I am fascinated by the blockchain world, and part of that fascination comes from witnessing how people boldly, and sometimes blithely, create stuff out of thin air.
Others react badly to this – “it’s not real” – but that reaction stems from a mistake about reality. After all, money, governments, law: they are all in the same boat. They only exist when we collectively believe in them.
In blockchain gaming (BG) what we are witnessing, and taking part in, is the birthing of new kinds of real things. There’s an inherent risk, though: fraud.
There are people who see an opportunity, in the absence of laws and regulations, to exploit belief.
We have three interesting case-studies here, none of whom have yet been brought to trial: Sam Bankman-Fried, Do Kwon, and Justin Sun. All three were in the news this week.
I’m looking forward to the Bankman-Fried Netflix series where they attempt to portray how a man could become so fiscally ungrounded as to pay himself more than $2b while running a business without an accounting department using a couple of Excel spreadsheets.
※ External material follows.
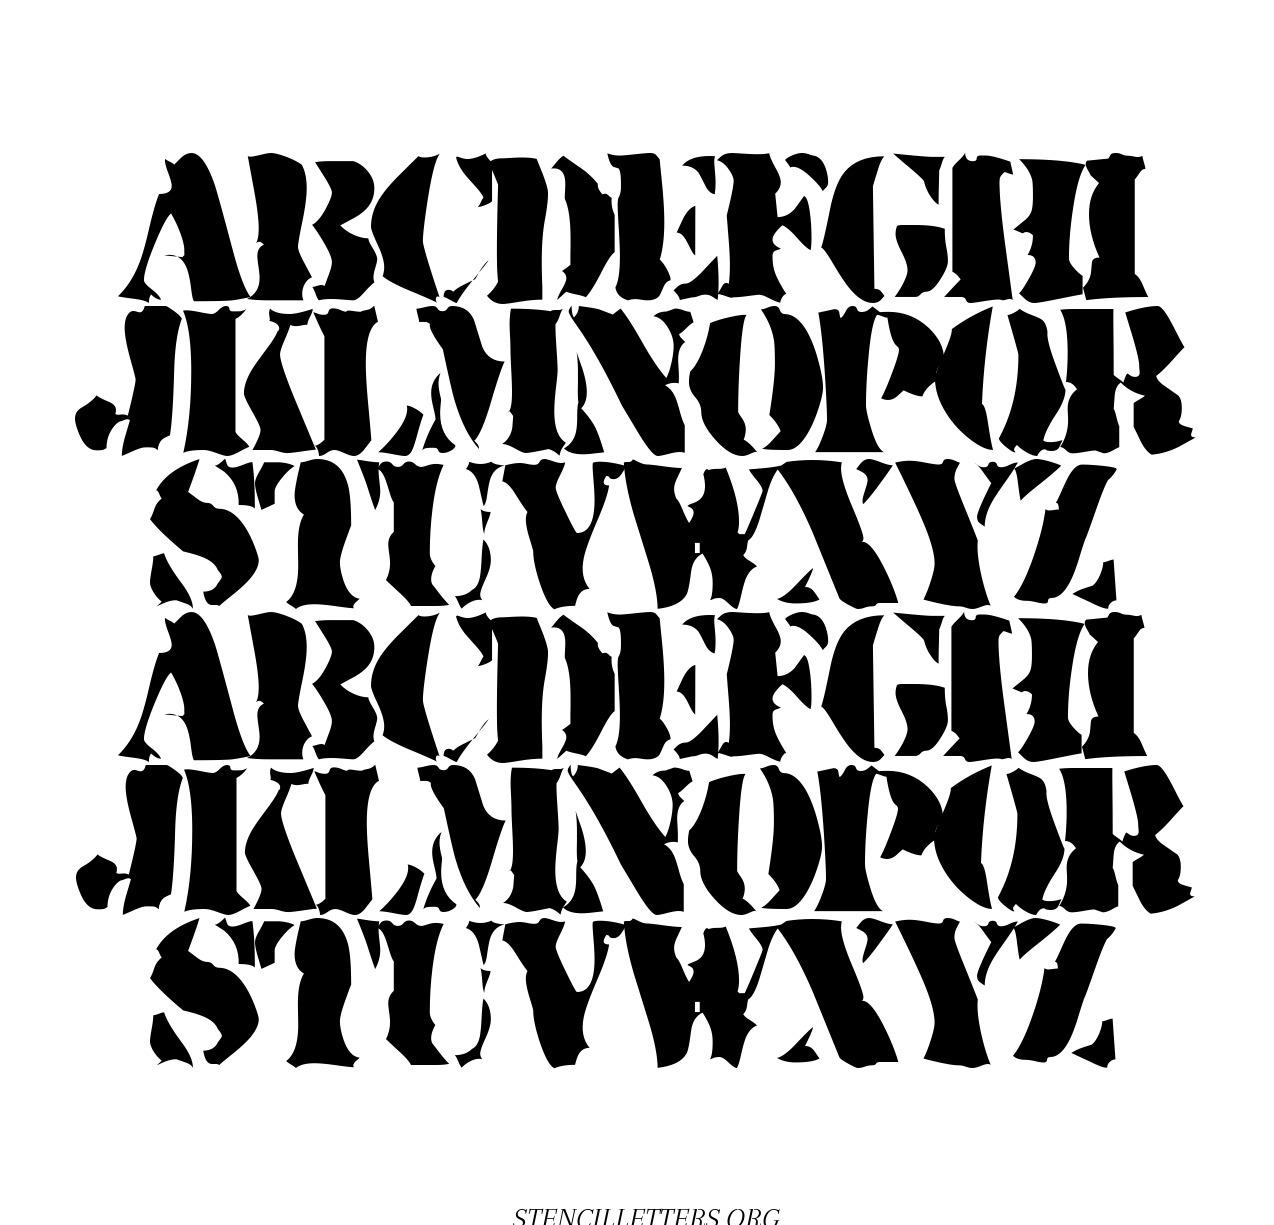 Army Stencil Majuscule free printable letter stencils

Read
The Montenegro bust
Terraform’s founder Do Kwon was caught at the airport with fake papers, according to Montenegrin authorities. Kwon is interesting because he gave an interview while on the run, denying he was on the run.
“Every time the location of where I live becomes known, it becomes almost impossible for me to live there.”
Must be why he studiously avoided turning himself in while zipping all over the world. Read
The really big news this week was that America’s Securities and Exchange Commission (SEC) charged Tron founder Justin Sun with issuing unregistered securities, the BTT and TRX tokens. He was also accused of “wash trading” – artificially inflating trade volumes by buying from himself – and paying celebrities to endorse the tokens without disclosing the financial incentive.
The case rests on the interpretation of the tokens as securities, an issue central to the crypto economy, and indeed to many games. If these crypto assets are securities, what of the tokens being used throughout the gaming industry to raise money and confer governance rights and other privileges on the holders?
A broad interpretation of securities status would be like a wrecking ball running through the industry … yes, but wouldn’t that wrecking ball also pick up a few fraudsters along the way? Read
“We don’t use C-suite roles here. I’m the Lore Keeper.”
I sat down with Frank Cheng for an hour, and this is the result: an interview article that details the Apeiron founder’s beliefs and journey. I loved talking to Frank, because he’s not guarded and as opposed to the characters I mention above, he appears totally authentic. Some other choice quotes:
- “[Orange] is the one who sacks most of the people.”
- “Foonie Magus is a really random name we came up with.”
- “I was one of the top 50 players in StarCraft.”
- “I think we owned 2% of all Axies back then.”
- “10 million [players] is what I would call success.”
This interview will also form the basis for a Key Characters episode, but while we wait for that to come out I encourage you to take the time to read this piece. Read
Speaking of wash trading
Washing was one theory behind the sudden and dramatic decline of trading in Illuvium’s Illuvitar cards on March 16. Caveman covered the possibilities in this piece, but wanted to believe it was more to do with legitimate trading patterns than sleight of hand.
A final couple of thoughts from me: I have opined before about how BG has to move beyond believers, preaching to the converted. I still think that, but I also acknowledge that belief really must precede reality to make any of this work. Even at the risk of fraud.
The other thought, surveying the three men accused of illegal or predatory behaviour: fraud is probably not a binary state. It’s something you can slip into by degrees.